For scholars: own your methodology
Don't apologize for using oral history. Don't hide your positionality statement. Frame it as methodological rigor: "I use testimonio methodology because
"I use testimonio methodology because it centers marginalized voices as valid sources of knowledge, revealing patterns of systemic exclusion that quantitative data alone cannot capture. Consider this: my positionality as a researcher is not a weakness but a strength—it allows me to build trust with participants and ask questions that outsiders might overlook. Rigor comes from transparency about methods, not from pretending neutrality is possible Simple, but easy to overlook..
For educators: embrace interdisciplinary frameworks
Ethnic studies thrives when it’s allowed to pull from multiple disciplines.

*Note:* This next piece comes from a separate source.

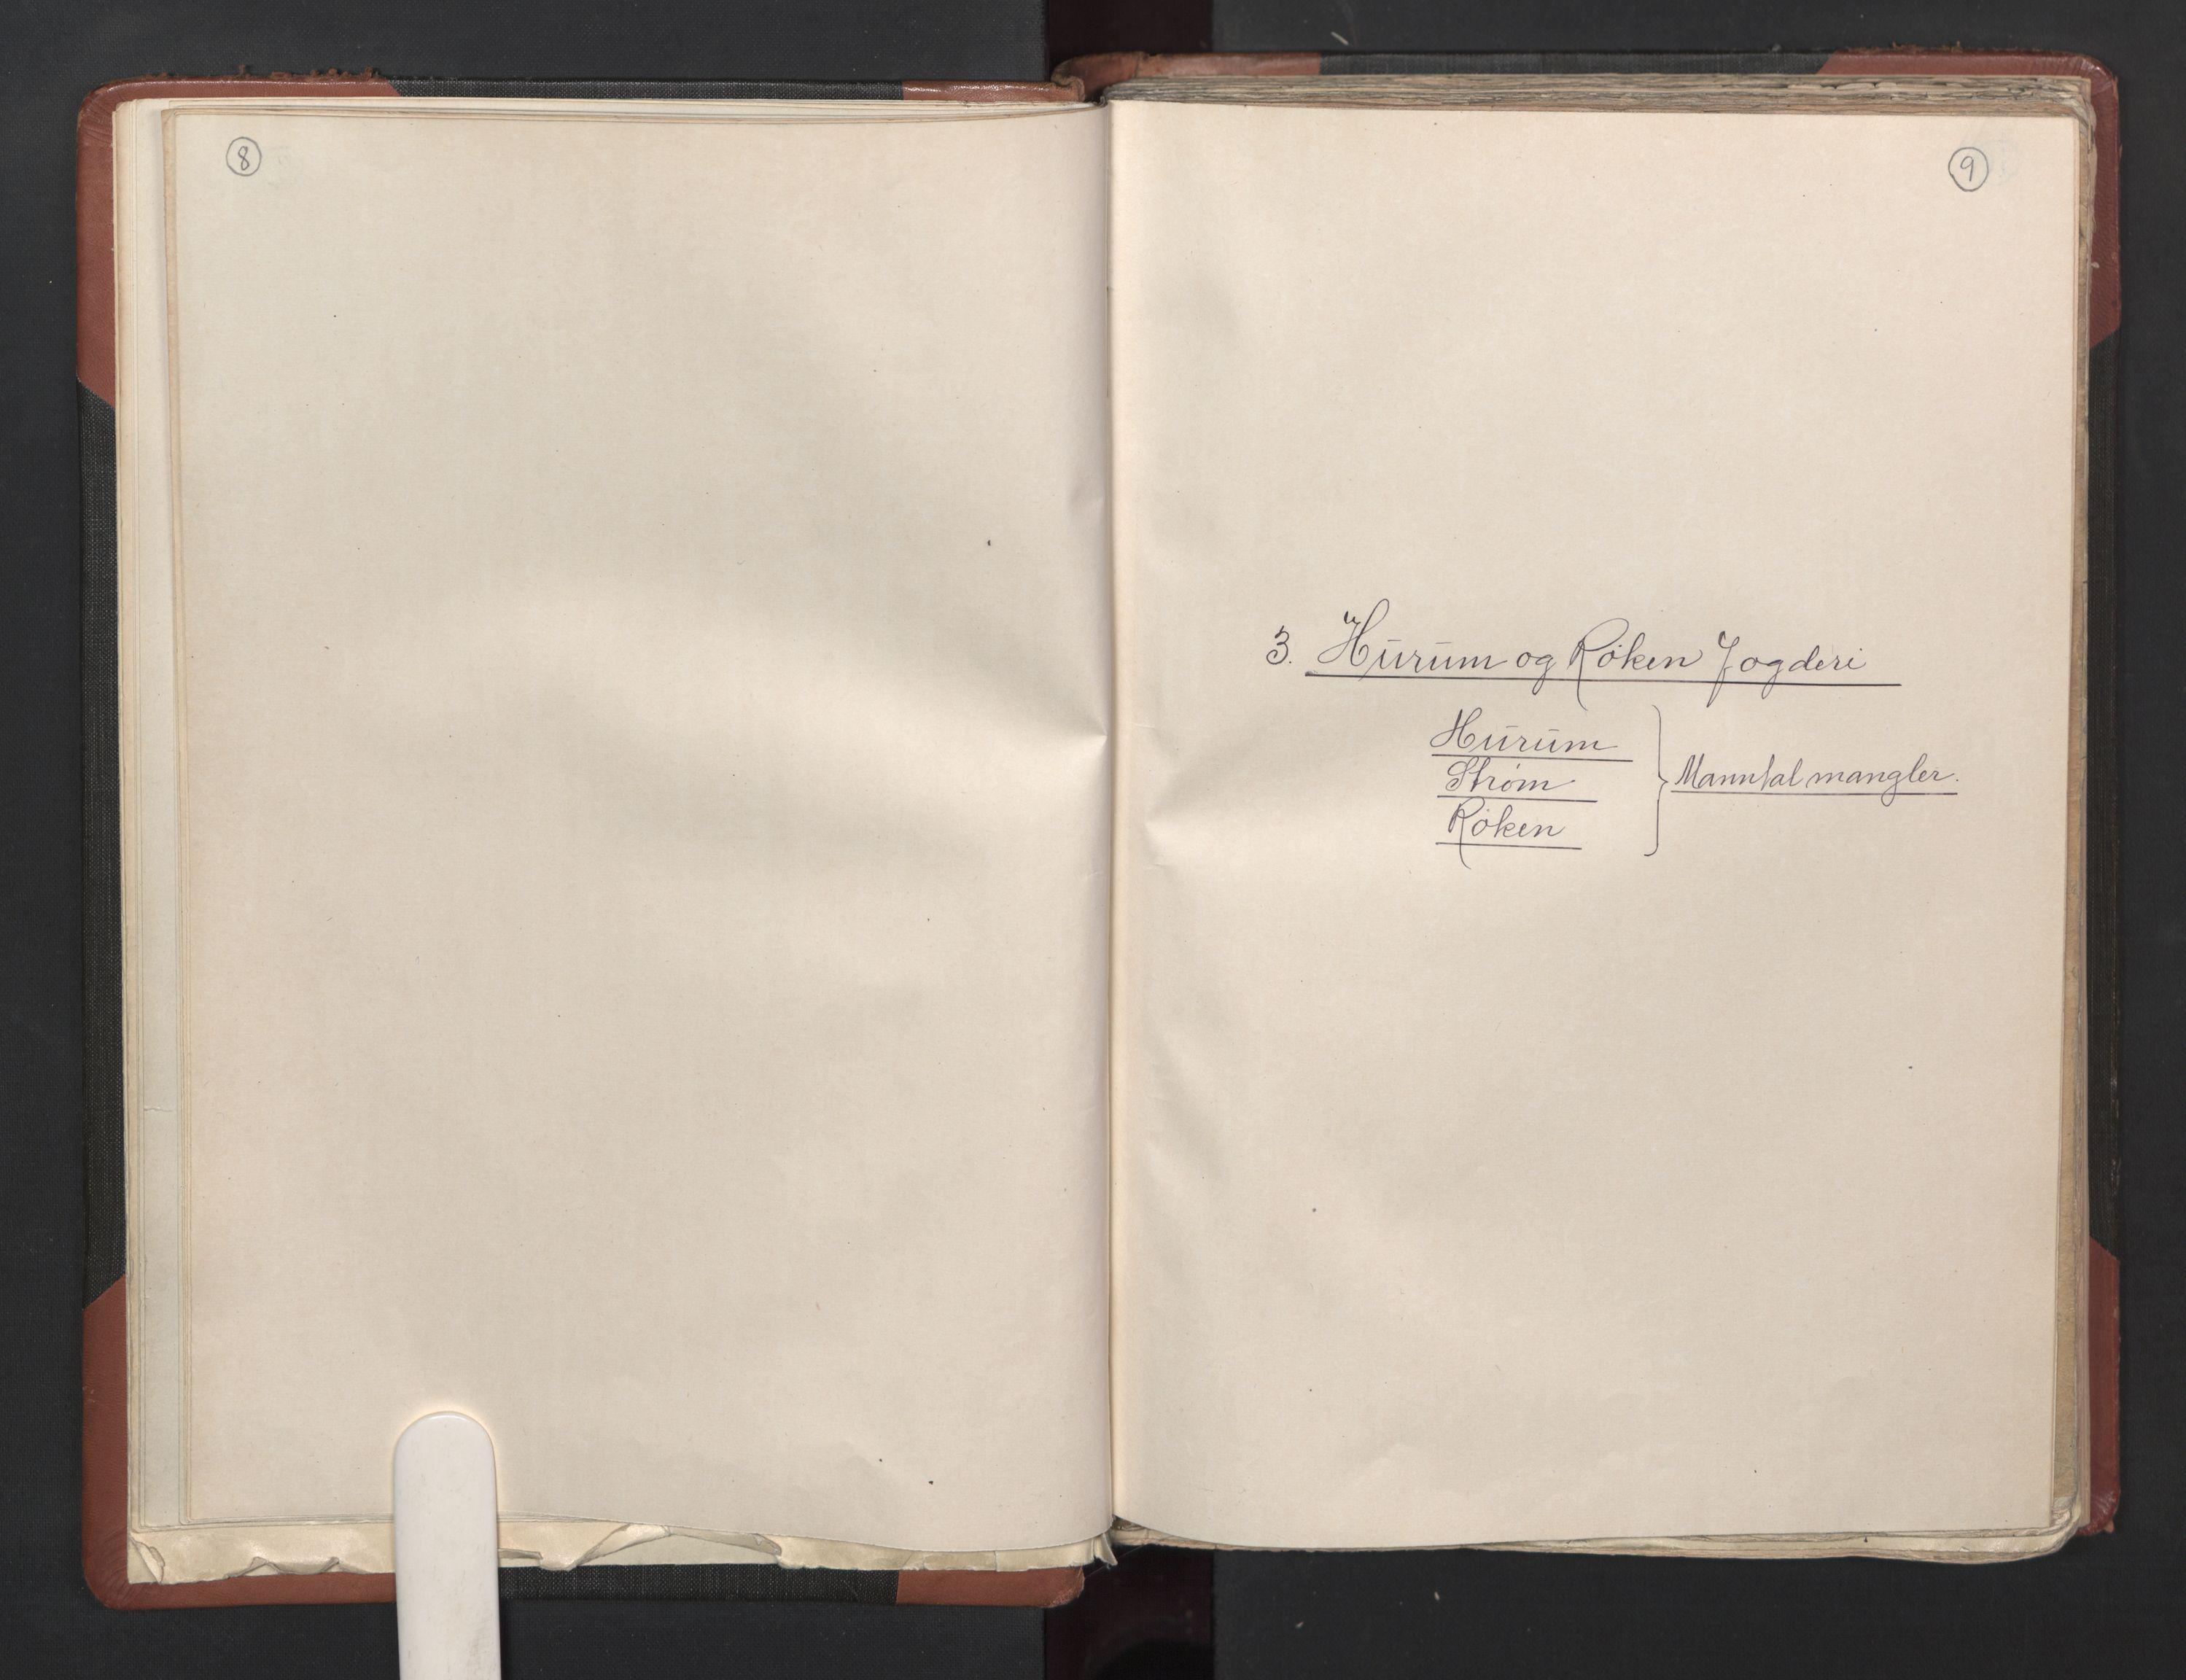 RA, Fogdenes og sorenskrivernes manntall 1664-1666, nr. 5: Fogderier (len og skipreider) i nåværende Buskerud fylke og Vestfold fylke, 1664, s. 8-9
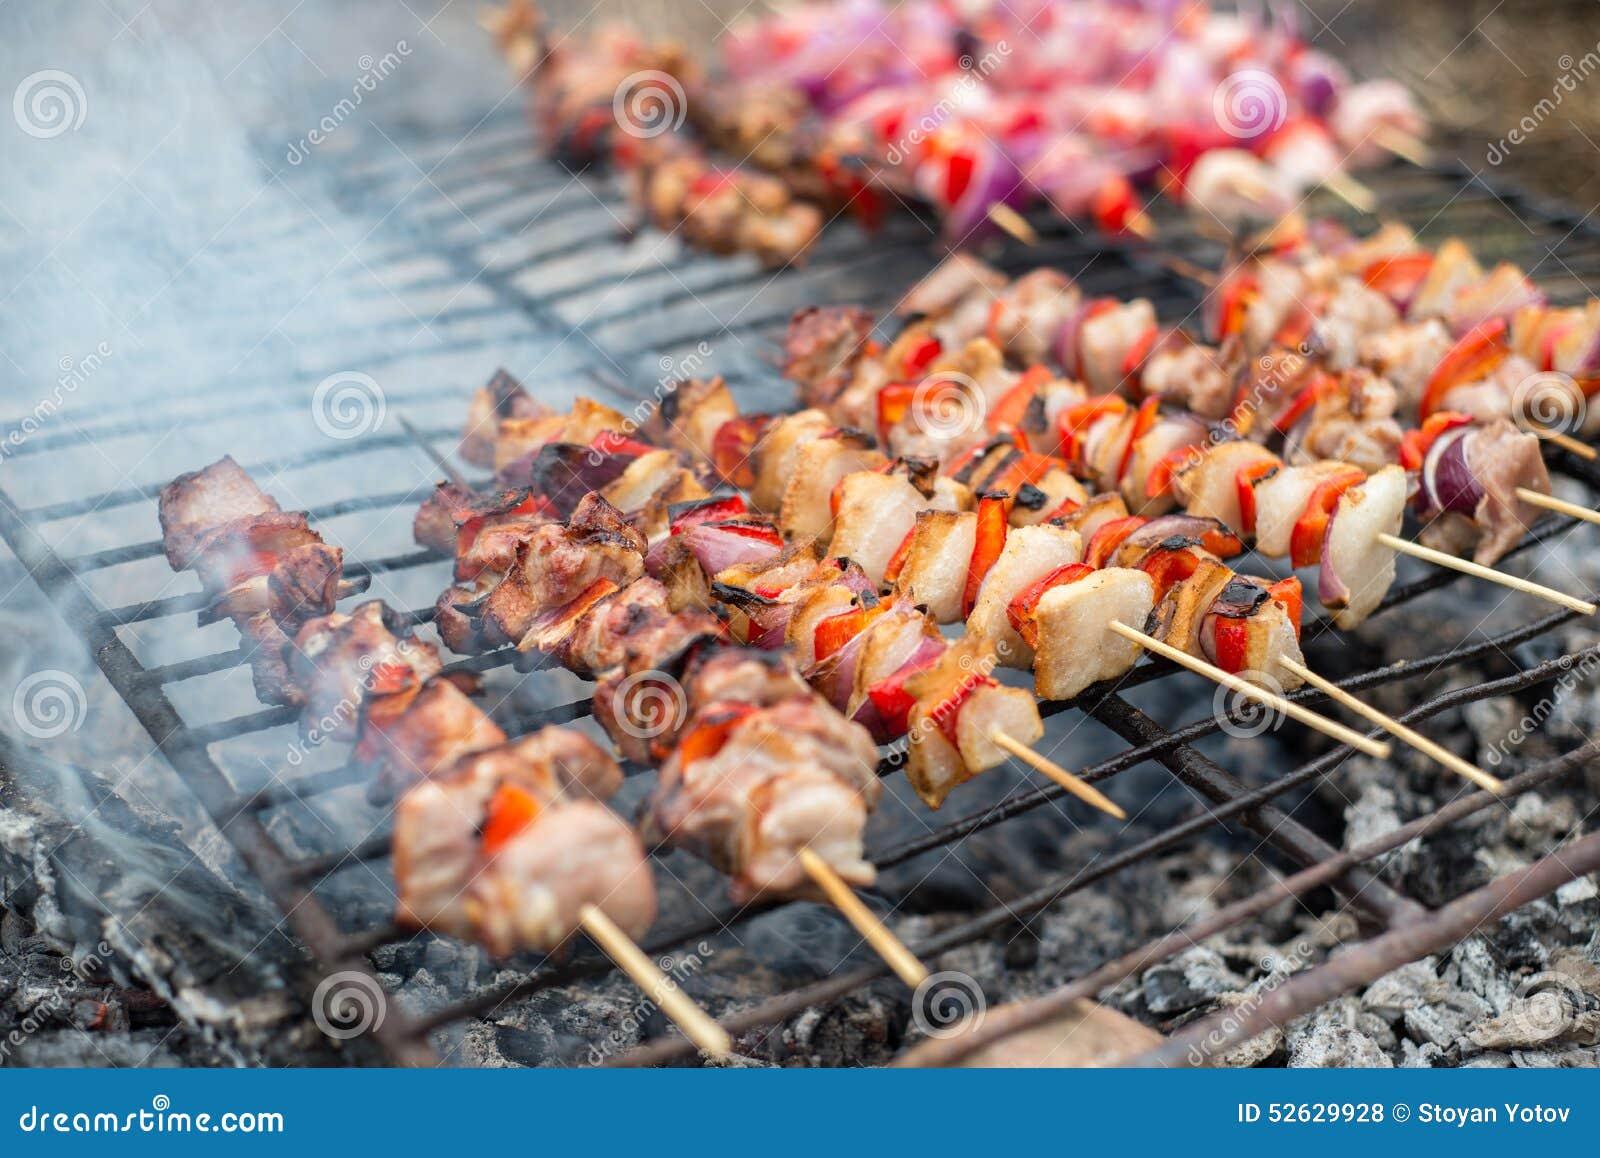 Viande app tissante sur un barbecue photo stock image for Quelle viande pour un barbecue

A unit on immigration might integrate historical timelines, demographic analysis, personal narratives, and policy critique. Let students see how different methods complement each other. Teach them that mixed methods aren’t messy—they’re realistic.
For funders: support long-form, community-rooted projects
Short-term grants often force researchers to oversimplify complex issues. Ethnic studies projects benefit from sustained engagement with communities, iterative research design, and time to develop culturally responsive methodologies. Fund the process, not just the product.
Conclusion
Ethnic studies isn’t a niche—it’s a lens that reveals how power, identity, and knowledge intersect across all fields. By insisting on rigid disciplinary boundaries, we miss opportunities to understand the full scope of social reality. Still, the most impactful work often lives in the spaces between categories, combining rigorous inquiry with ethical responsibility. When we stop treating ethnic studies as an outlier and start recognizing its methodological diversity and scholarly depth, we create space for more honest, inclusive, and effective research. The future of academia depends on embracing this complexity, not policing it.